Excluding cancer terms and their related miRNAs from the heatmap data resulted in higher scores on non-cancer disease relationships. Figure 4a depicts the reproduction score distribution, with cancer-related phrases gathered in the top-right side of the graph, which also has the highest scores. It was transformed into Fig. 4b by deleting cancer-related rows and columns from the heatmap, resulting in a clear distinction between the effect of cancer-related terms on the score distribution. Figure 4e, on the other hand, was produced by retraining disease pair scores after removing cancer diseases and their corresponding miRNA set from the training dataset of the model, it can be seen that the overall score profile for non-cancer diseases has improved. Figure 4c demonstrates the distribution of disease similarity scores including cancer terms when TF-TF interaction data is utilized instead of Human-PPI. In this case, some disease relationships were lost, and the majority of disease scores were reduced. However, scores of the some of the rare disease interactions were increased that may be of significance. Figure 4f demonstrates that when cancer terms are omitted from the TF-TF included trials, the effect on the scores is similar with the upper row, again demonstrating the cancer domination in models where cancer interactions were included. Score distribution differences between the TF-TF regulatory map implementation and PPI can be seen when Fig. 4c and f are compared. Although the scores of the TF network models are lower than the PPI network models, the training time of the models has been greatly decreased due to the smaller vocabulary when TF network is used.

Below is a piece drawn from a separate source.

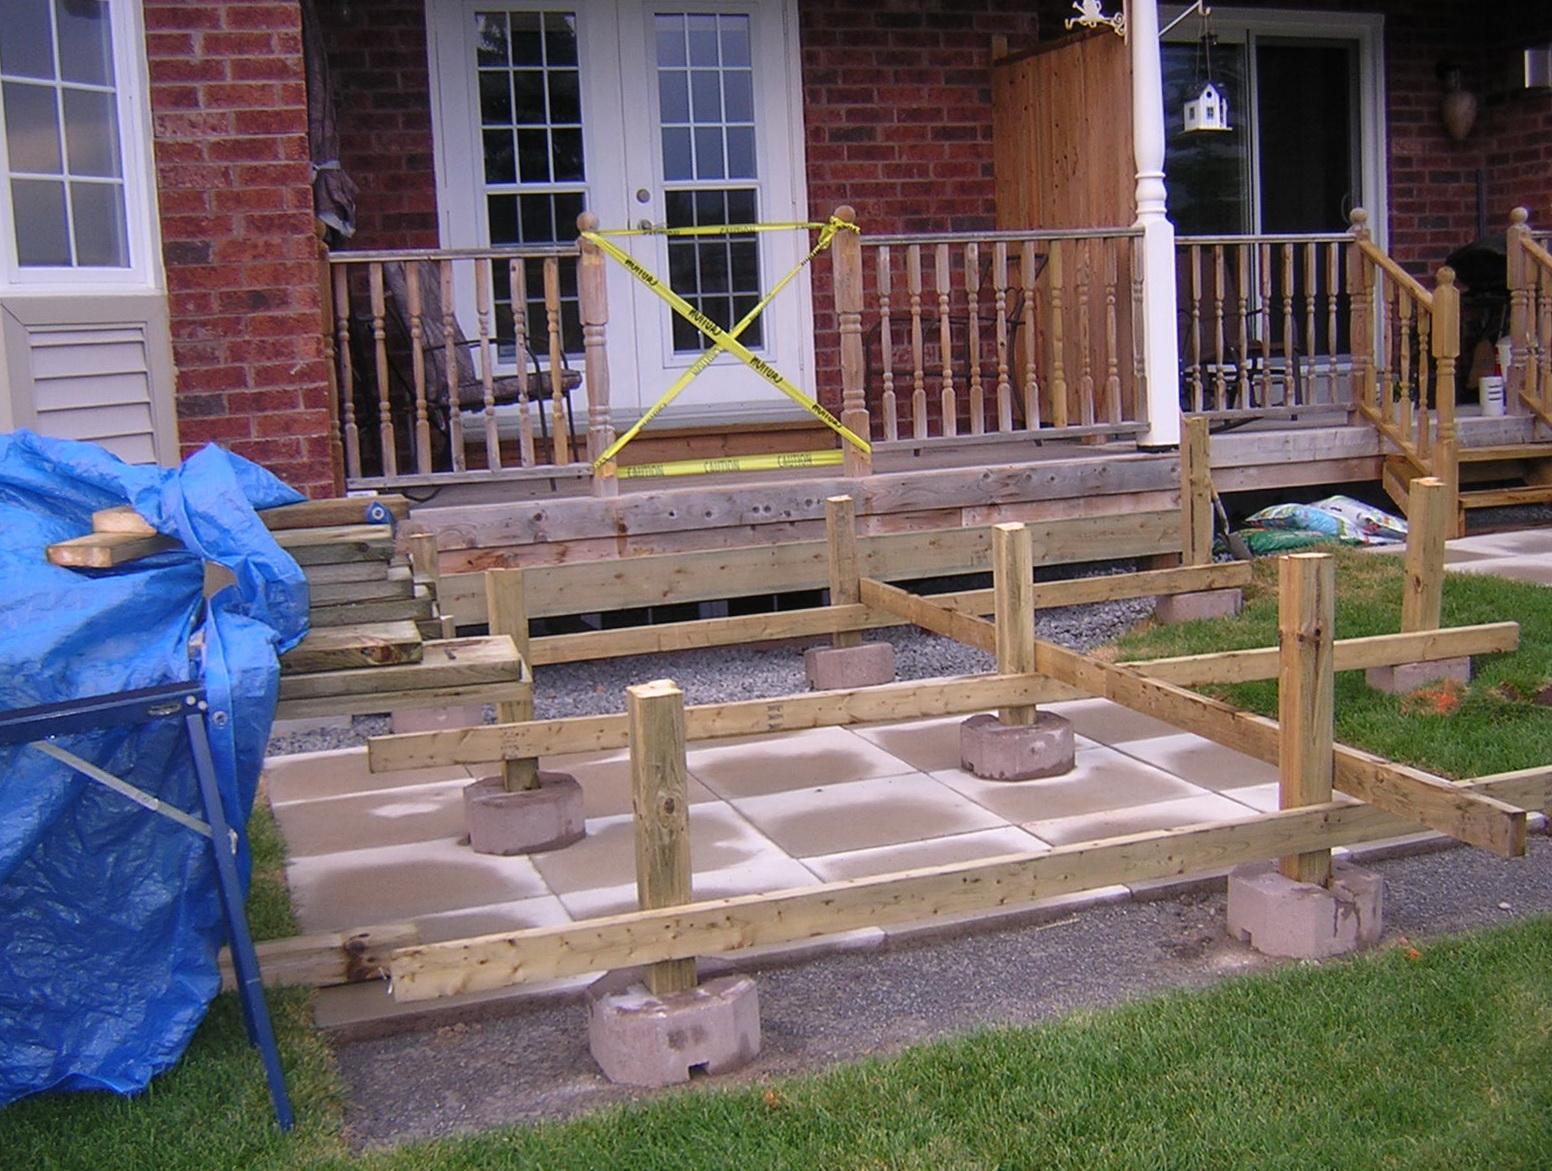 Building A Wood Deck On Top Of A Concrete Patio - Closet ...

Several diseases were found to have no comorbidity with the rest of the diseases (Table 3). All of these diseases have quite a limited number of miRNA connections in the disease-miRNA data in the network. In the Reproduction and Cancerless models, most of them only have one miRNA interaction. When the TF-TF interaction data was used, the non-comorbid disease list was expanded to include some of two miRNA-connected disorders that are not linked to the transcription factor interactions in the network.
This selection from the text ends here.